Rolls-Royce, which makes engines for planes such as the Boeing 787 and Airbus 350, plans to cut at least 9,000 jobs, or more than one-sixth of its workforce, in the latest blow to the aviation industry dealt by the coronavirus pandemic.

The company said Wednesday it could also close factories as it shrinks to fit the smaller market it expects to emerge from the crisis.

Airlines and their supplies have been among the hardest hit businesses by lockdowns to contain the pandemic, with passenger air travel grinding to a virtual halt.

“We have to reduce our cost base and adapt to the new world, matching our capacity with expected demand,” Rolls-Royce chief executive Warren East told reporters, unveiling the company’s biggest round of cuts since privatization in 1987.

The 9,000 jobs, out of a global staff of 52,000, will go predominantly from Rolls’s civil aerospace business, which generates just over half of its $18 billion in annual revenue.

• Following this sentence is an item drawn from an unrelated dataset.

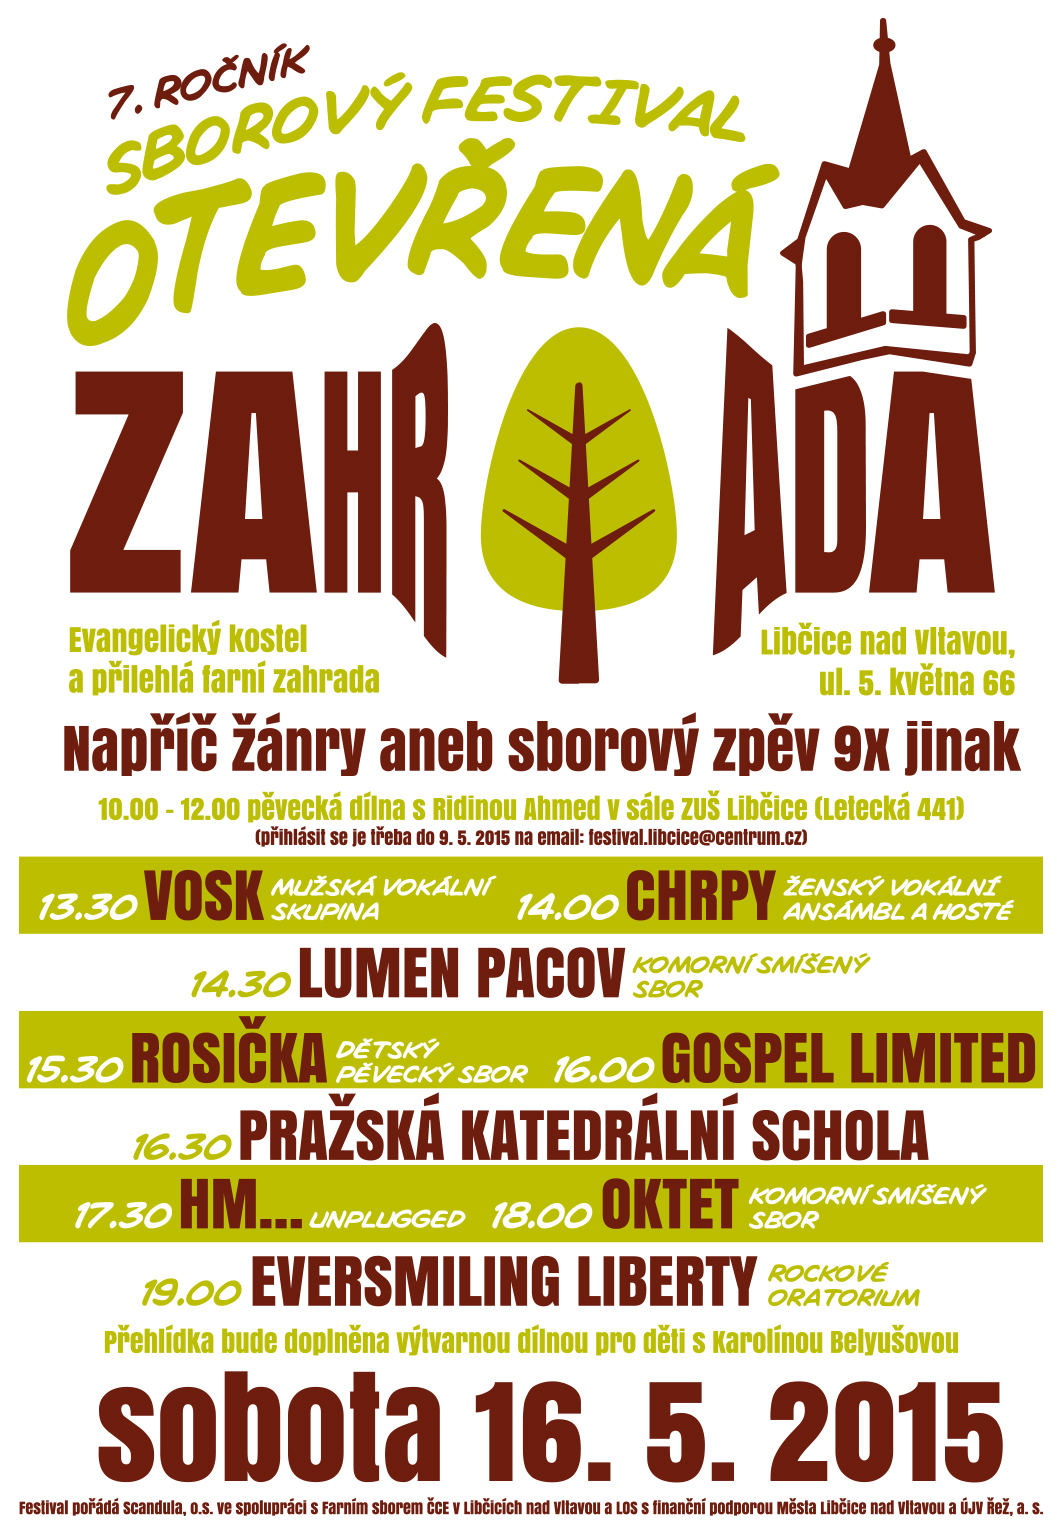 7. ročník festivalu sborového zpěvu "Otevřená zahrada" 2015

Rolls said it was targeting $1.5 billion in annual cost savings, with about $860 million coming from layoffs plus other cuts that could include factory closures.

Headquartered in Derby, central England, about two-thirds of Rolls civil aerospace jobs are based in the United Kingdom, East said, adding that was “probably a good first proxy” of where the jobs were likely to be lost.

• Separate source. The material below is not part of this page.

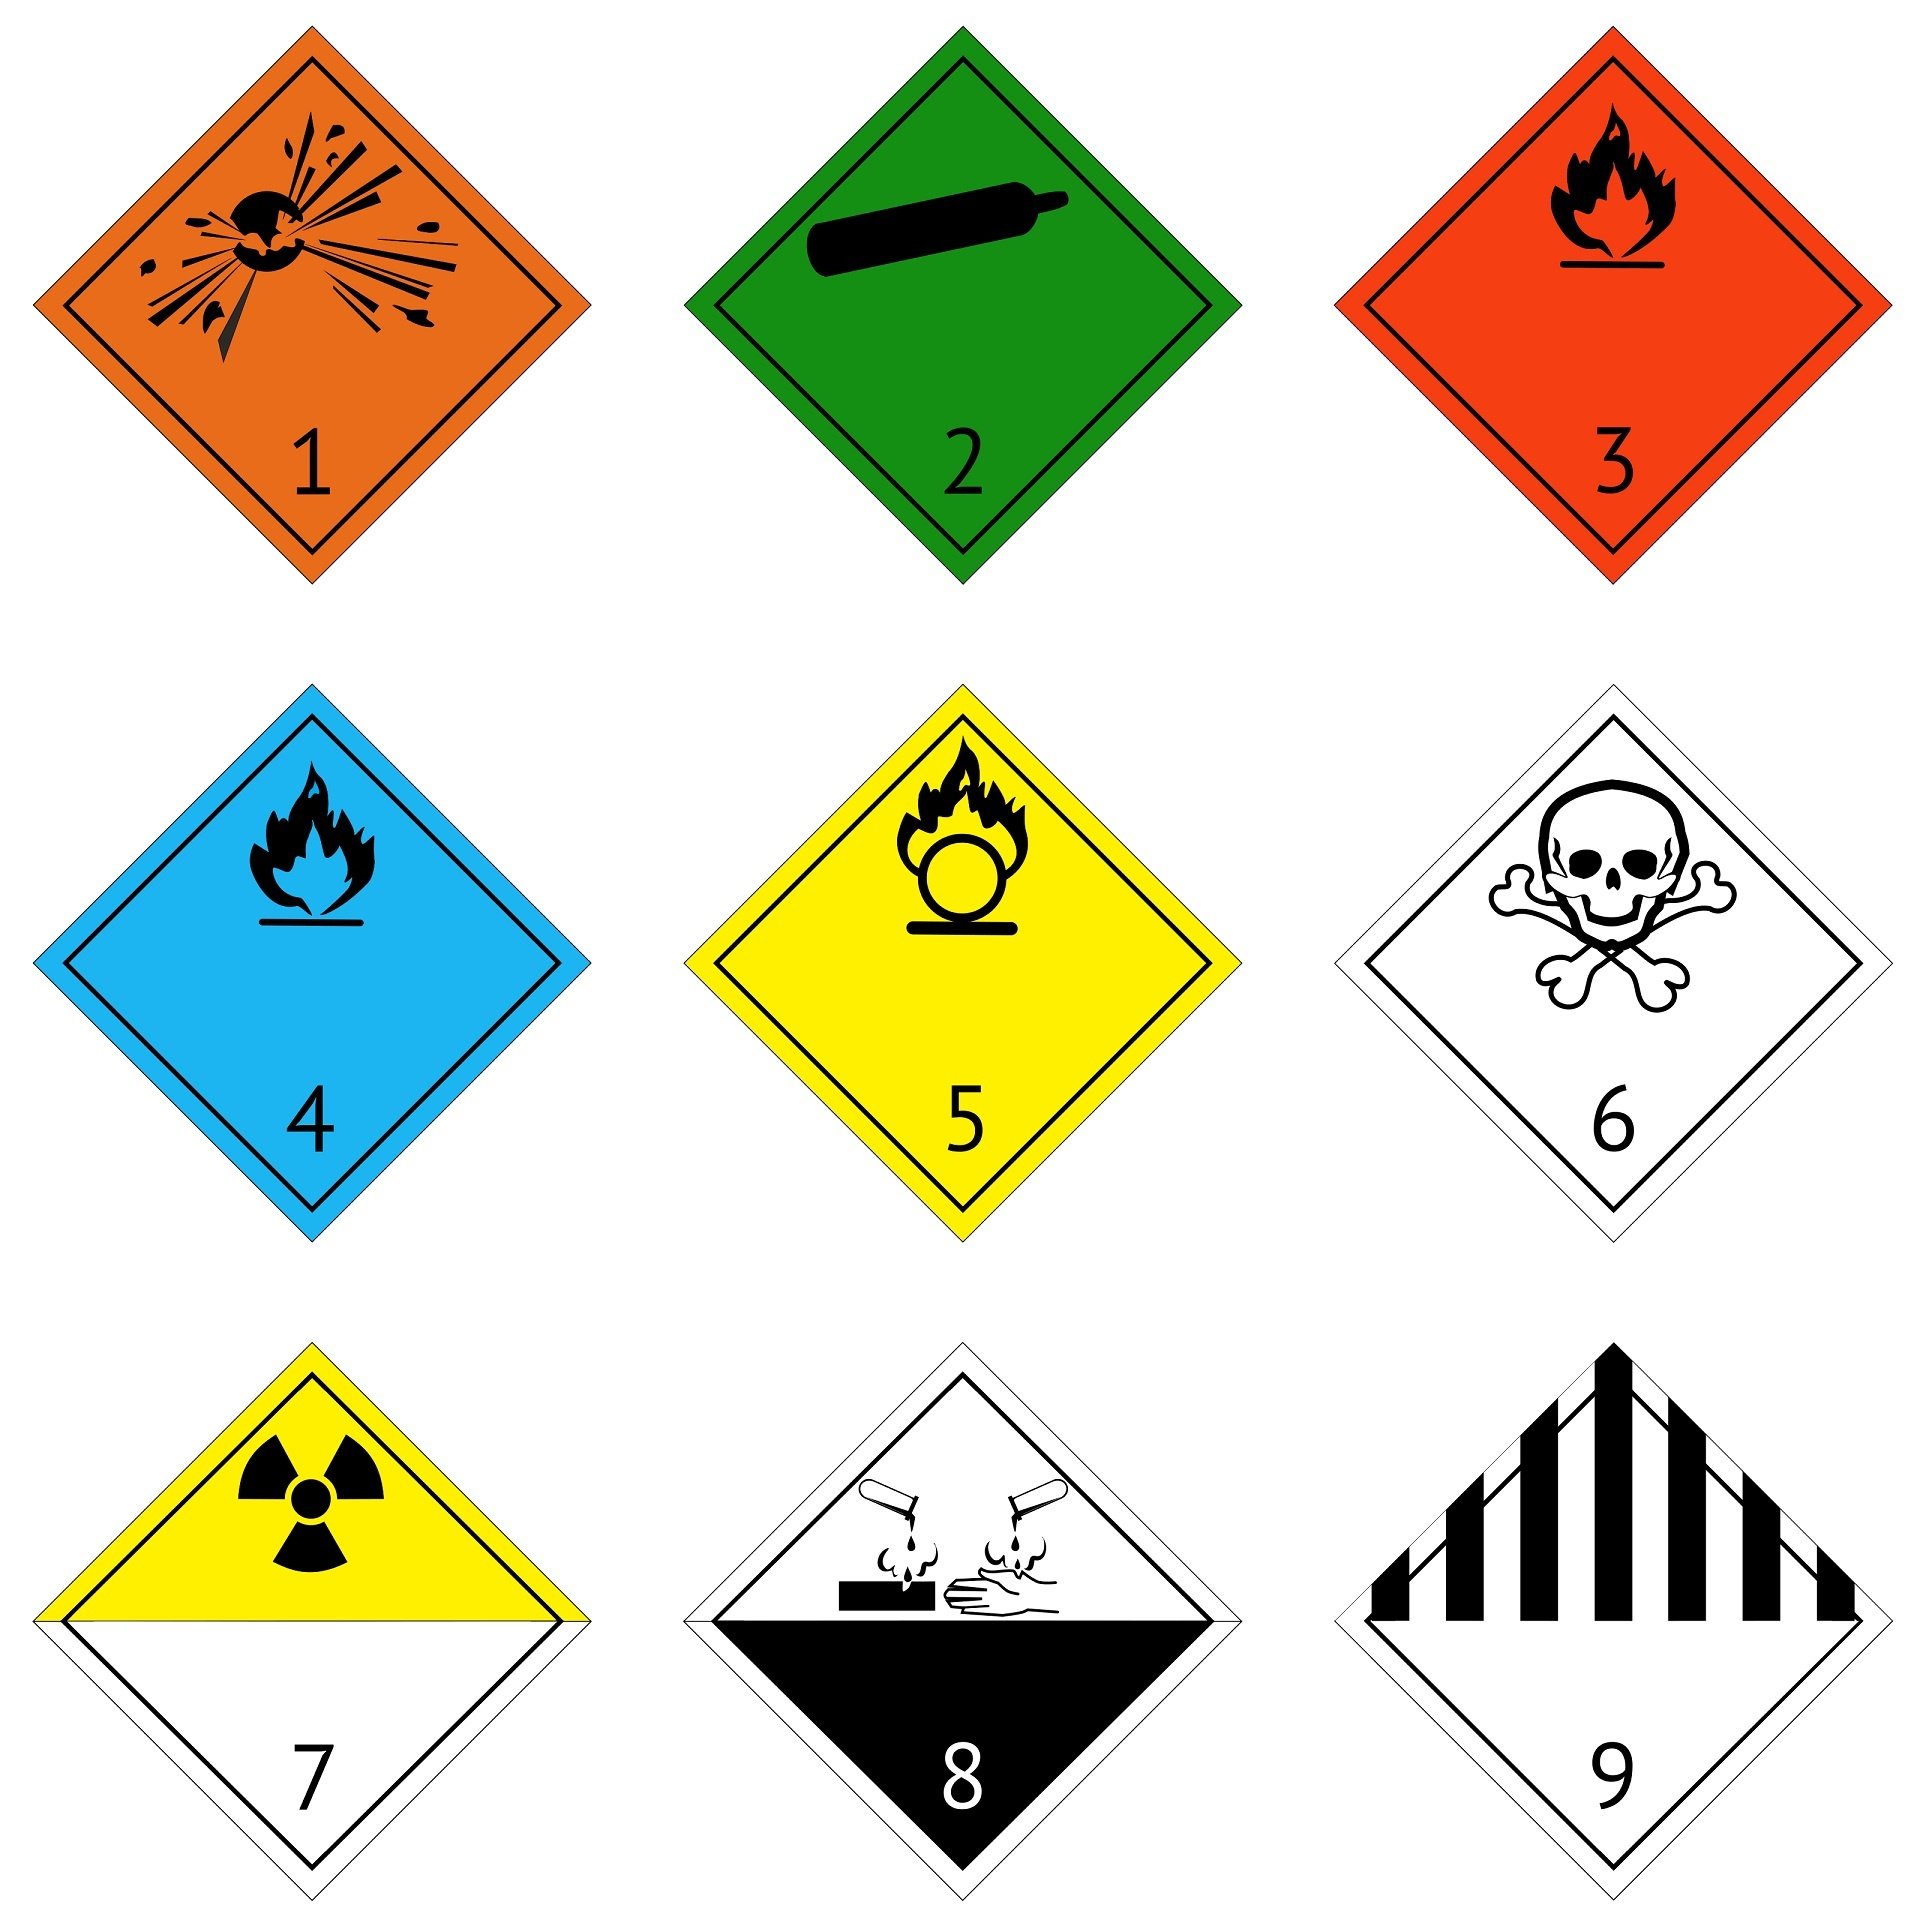 The 9 Classes Of Dangerous Goods

East said Rolls had 16 to 17 major civil aerospace manufacturing locations across the world, including big presences in Germany and Singapore.

Consultations with unions will now get underway, with job losses also expected in office support functions. Rolls’ defense unit will be spared, though, as military demand remains robust.

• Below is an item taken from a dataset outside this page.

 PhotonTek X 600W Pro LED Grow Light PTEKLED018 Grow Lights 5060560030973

Forecasting air travel will not recover for three to five years, East said Rolls was preparing for aviation activity to be about one-third less than in 2019.

Government schemes in the U.K. to help pay workers had been useful in the short term, with Rolls’ furloughing 4,000 staff, but the company needs to prepare for a future where its airline customers fly less, East said.

The cuts follow a 2018 programme to axe 4,600 jobs, although 1,000 job losses outstanding from that round are included in the 9,000. Rolls has also been grappling with a long-running engine problem which forced airlines to ground planes.

Its shares were last down 2 percent, having dropped 62 percent this year to 11-year lows.